FK Partizan Academy
- Full name: Belin–Lazarević–Nadoveza youth school
- Nicknames: Crno-beli (The Black and Whites) Parni valjak (The Steamroller)
- Director: Vanja Radinović
- Website: partizan.rs/omladinska-skola-fudbala
| Home colours | Away colours |

= FK Partizan Academy =

The FK Partizan Youth School (Omladinska škola Fudbalskog kluba Partizan/Омладинска школа фудбалског клуба Партизан), also known as Belin–Lazarević–Nadoveza youth school, is the youth school for Serbian football club Partizan Belgrade.

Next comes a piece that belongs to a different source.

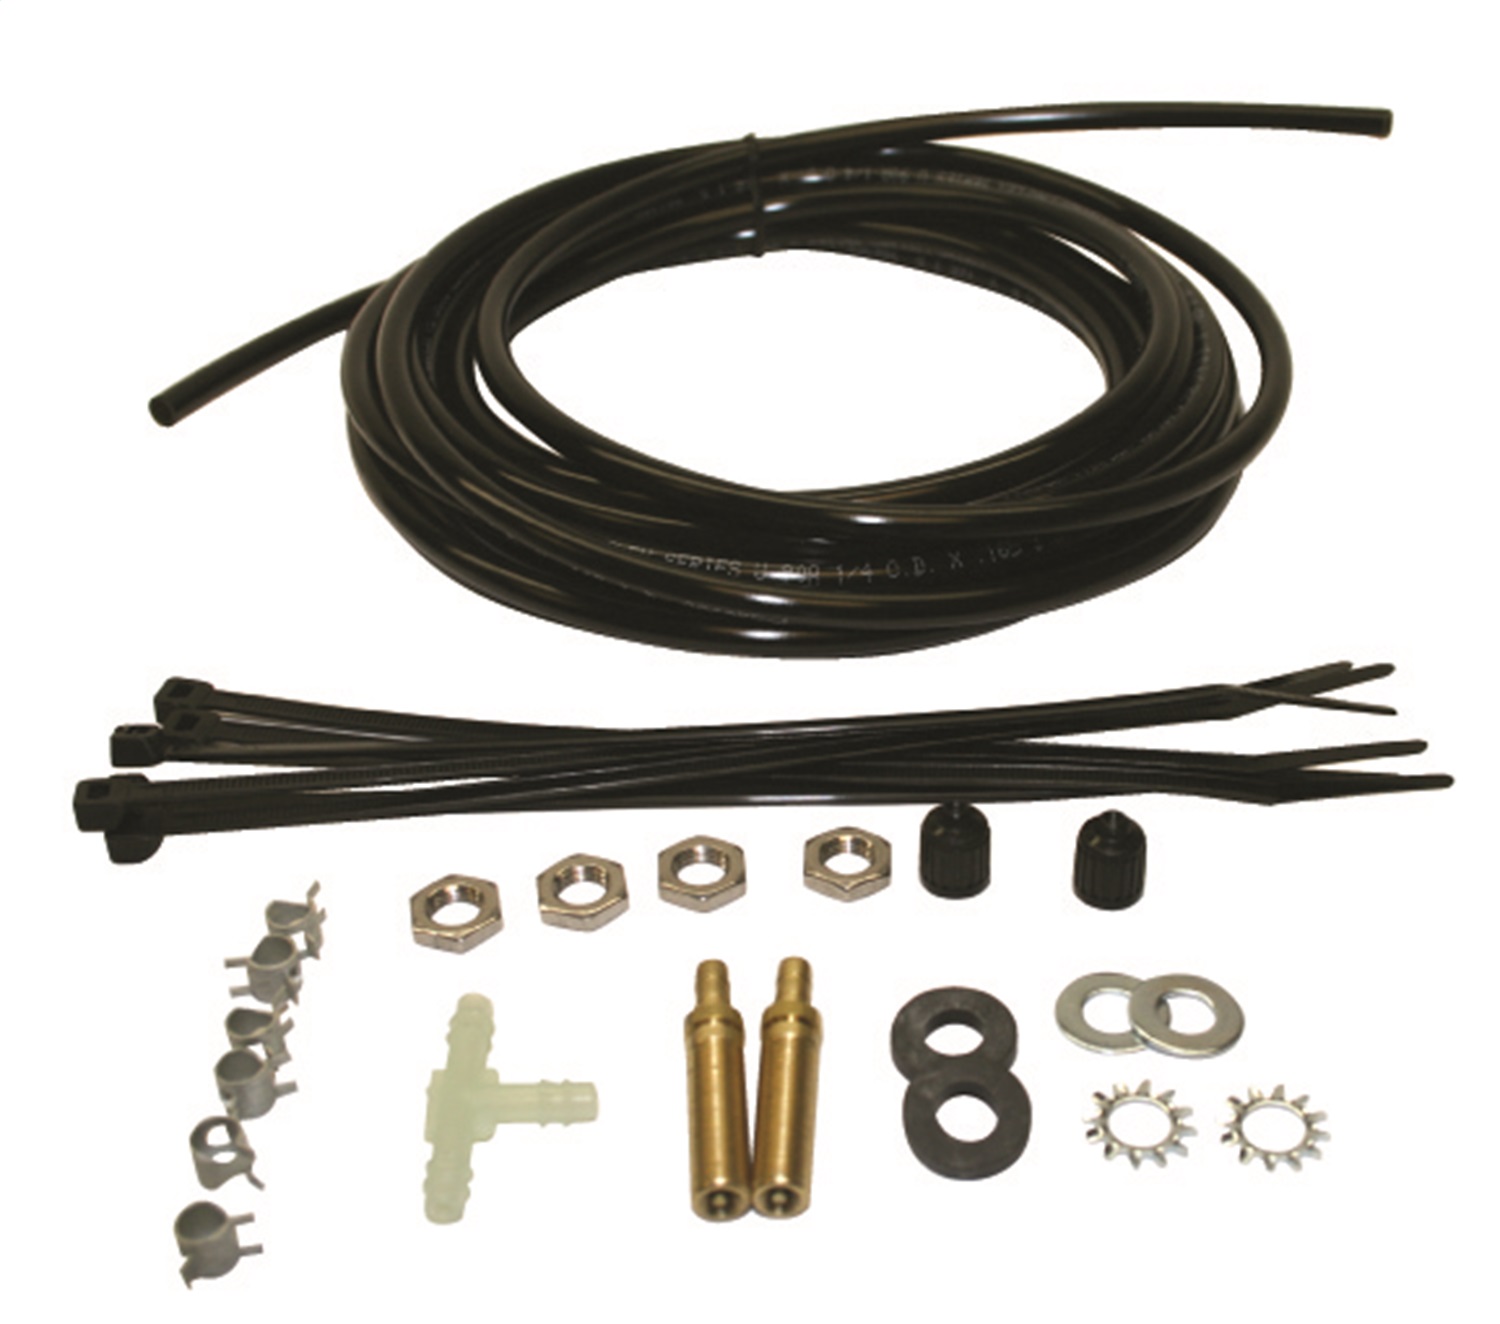 Air Lift Air Lift 22007 Replacement Hose Kit

It was founded in the 1950s and named after former Partizan players Bruno Belin, Čedomir Lazarević and Branko Nadoveza. The school is well known for its dedicated work with youngsters. Its training philosophy is not only the development of football players, but also to care of their growth and personality forming, while also teaching the sporting spirit and the loyalty to the club. There are around 400 youngsters classified by age categories. There are six age groups, four compete at the level of the Football Association of Serbia, the U17, U16, U15 and U14, while the U13 and U12 compete at the level of the Football Association of Belgrade. Below U12 level there are no official competitions, but players do play in tournaments and friendly matches.

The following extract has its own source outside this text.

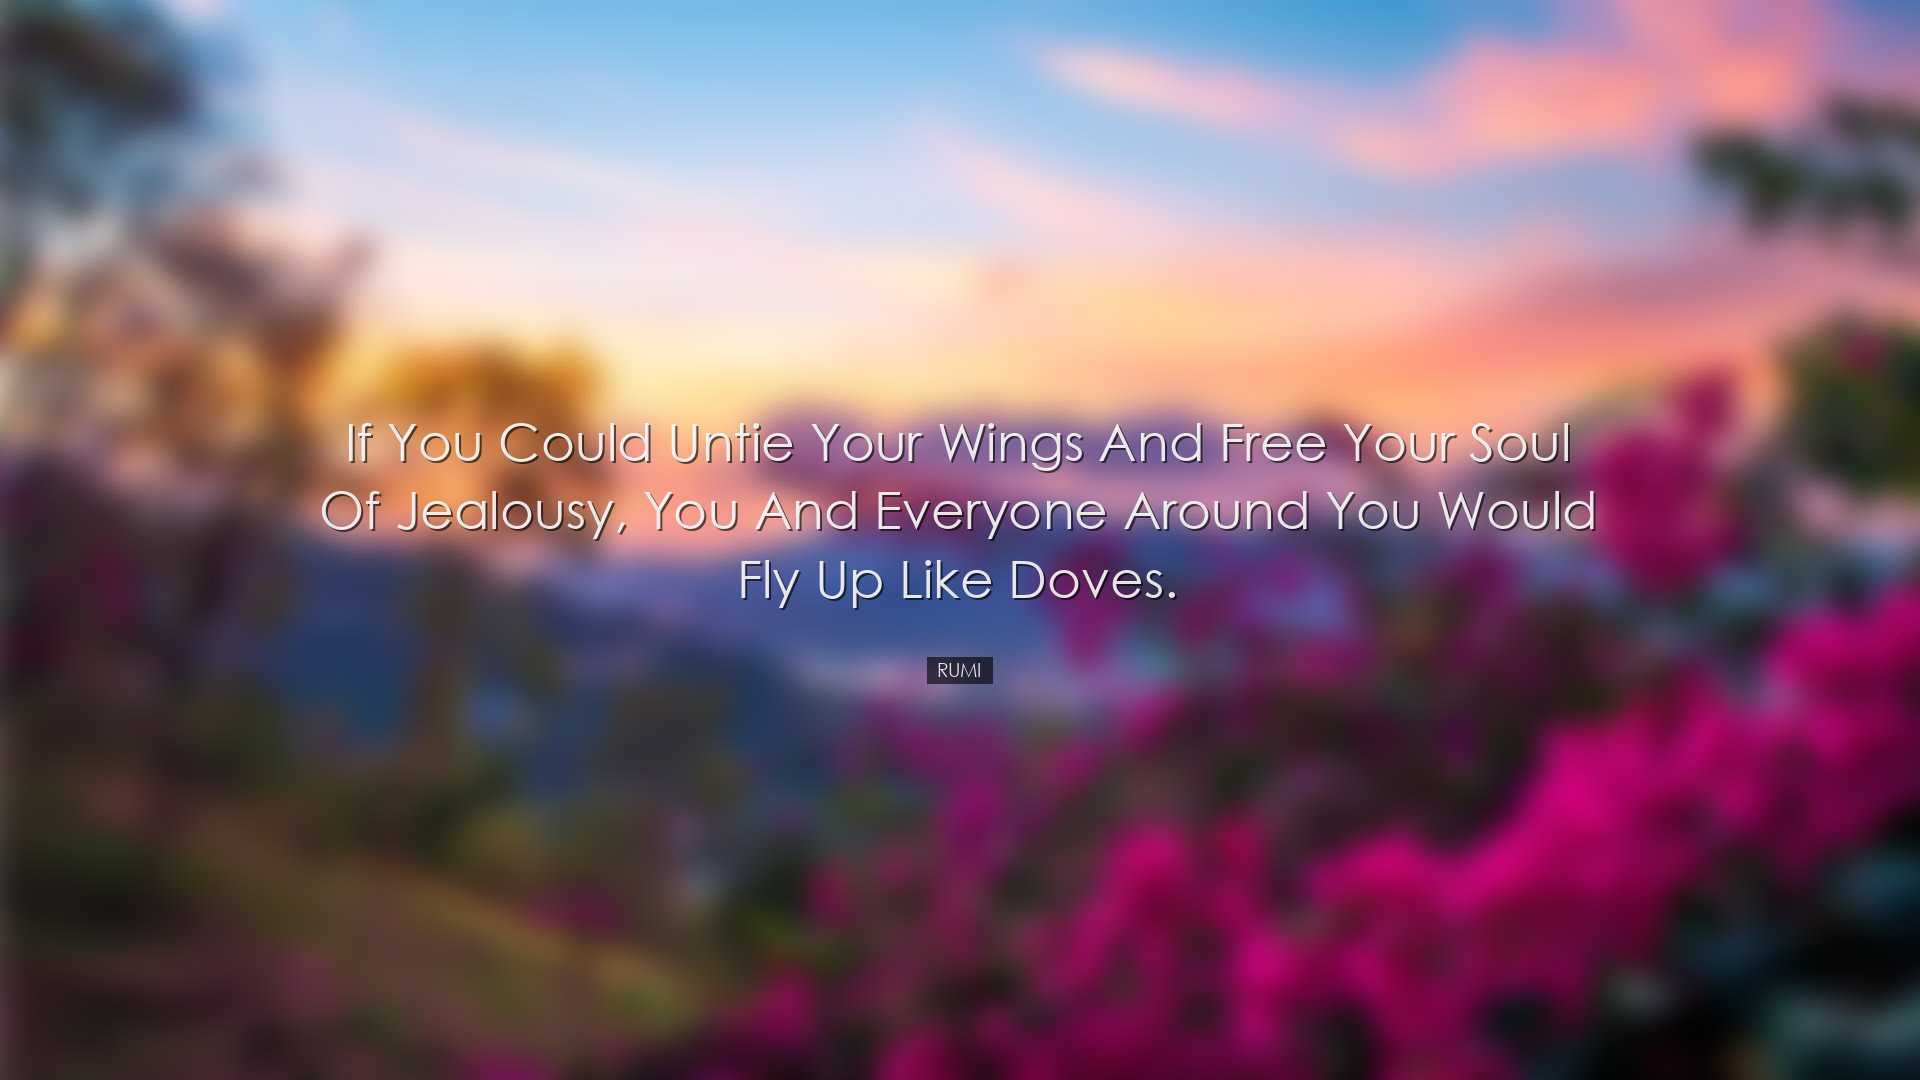 If you could untie your wings and free your soul of jealousy, you

Partizan is the club with most league titles and cup wins in youth competition in Serbia. The youth teams also participate in numerous tournaments around Europe and also organize an U17 international tournament with participation of some of the top European clubs. Partizan also organizes football camps for children in Serbia, Montenegro, Bosnia and Herzegovina, Slovenia, Australia and United States. Many of the best youth academy players move directly to the Partizan senior side, or to the affiliate club Teleoptik Zemun.

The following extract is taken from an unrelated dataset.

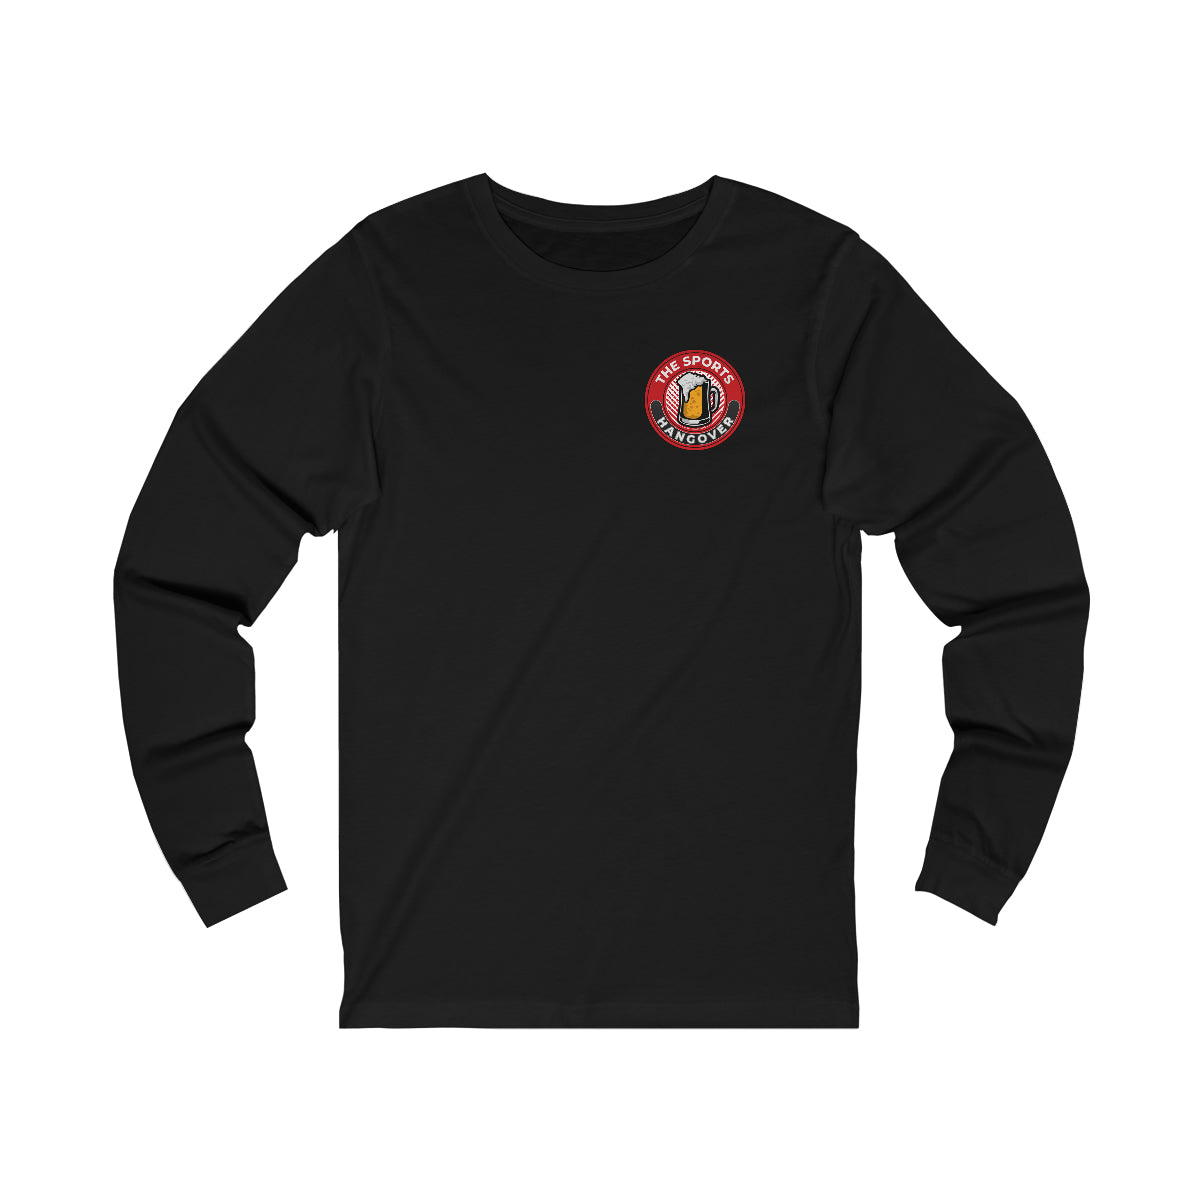 The Sports Hangover Drinking Long Sleeve Tee

All of Partizan's youth categories train at the Partizan sport complex named SC Partizan-Teleoptik along with Partizan's seniors and the players of Teleoptik. Partizan has won several awards for its youth work, including "Best European Youth Work" in 2006, and the club's youth school has been declared the second-best in Europe after that of Ajax Amsterdam. Partizan's academy has produced numerous professional football players or Yugoslav and Serbian internationals.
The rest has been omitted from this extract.